“I stole your laurels,” said Margaret, and she seemed to snap out the words.

“You could have had the laurels,” said Annie, “without stealing, if I could have given them to you. It is not the laurels that matter. It is you.”

“I will kill myself if it ever is known,” said Margaret in a low horrified whisper. She cowered.

“It will never be known unless you yourself tell it,” said Annie.

“I cannot tell,” said Margaret. “I have thought it all over. I cannot tell and yet, how can I live and not tell?”

“I suppose,” said Alice Mendon, “that always when people do wrong, they have to endure punishment. I suppose that is your punishment, Margaret.
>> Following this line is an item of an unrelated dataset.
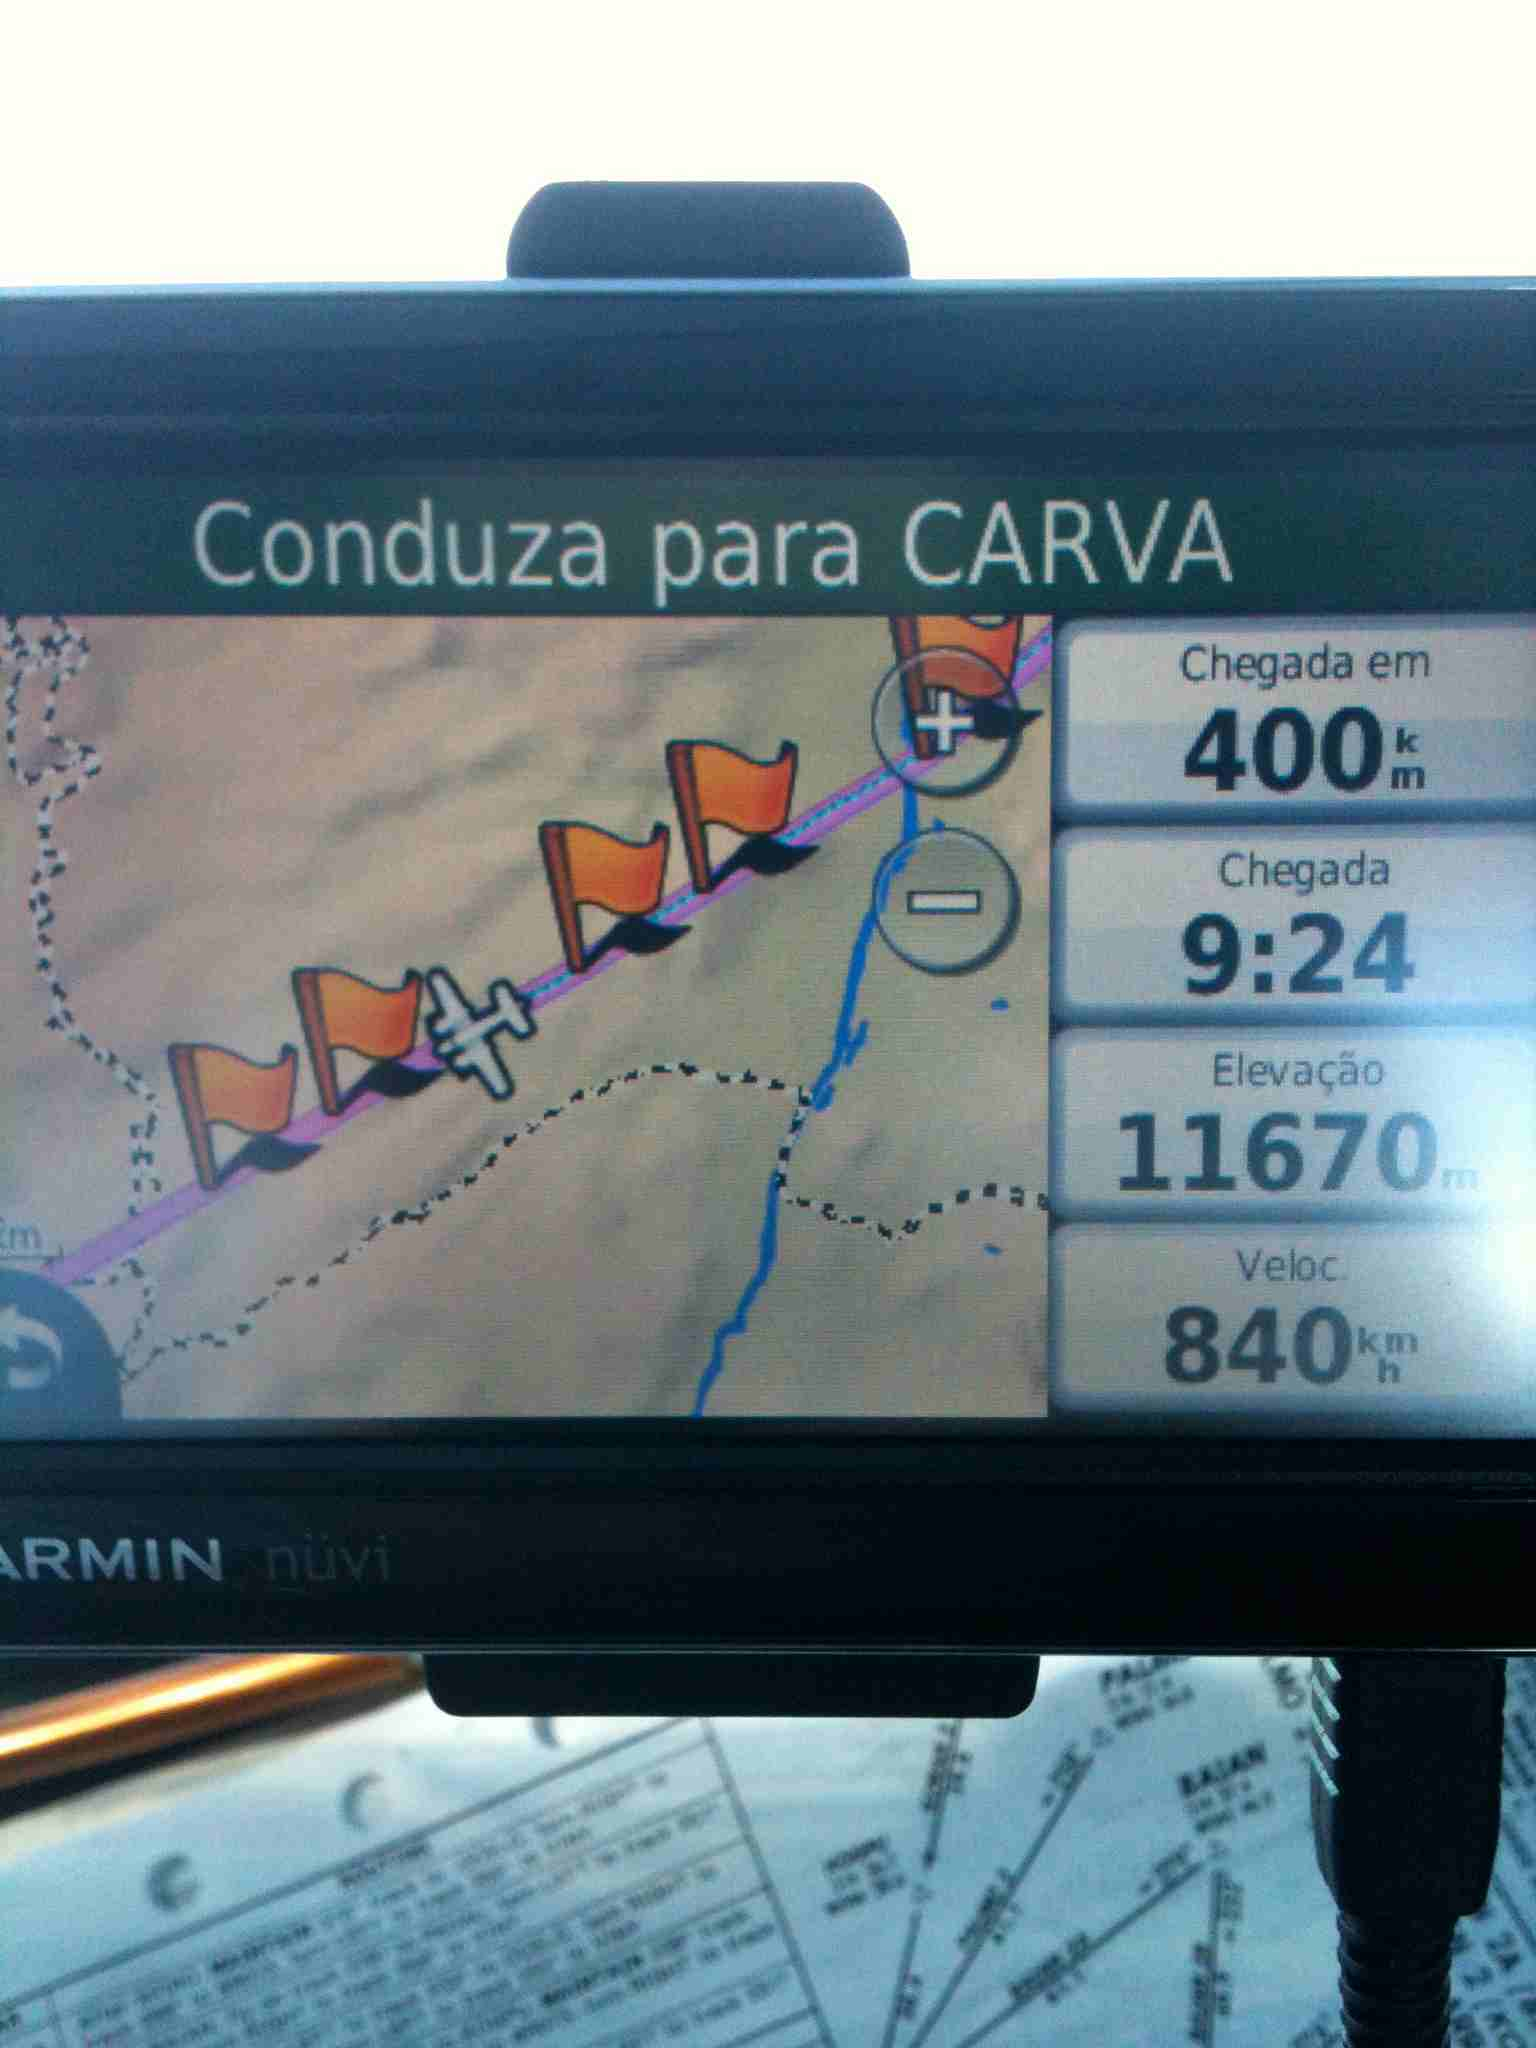 GPS GARMIN NUVI CONFIGURACION BANCO DE DATOS AERONAUTICO

You have always loved yourself and now you will have to despise yourself. I don't see any way out of it.”

“I am not the only woman who does such things,” said Margaret, and there was defiance in her tone.

“No doubt, you have company,” said Alice. “That does not make it easier for you.” Alice, large and fair in her white draperies, towered over Margaret Edes like an embodied conscience. She was almost unendurable, like the ideal of which the other woman had fallen short. Her mere presence was maddening. Margaret actually grimaced at her.

“It is easy for you to preach,” said she, “very easy, Alice Mendon. You have not a nerve in your whole body. You have not an ungratified ambition. You neither love nor hate yourself, or other people. You want nothing on earth enough to make the lack of it disturb you.”

“How well you read me,” said Alice and she smiled a large calm smile as a statue might smile, could she relax her beautiful marble mouth.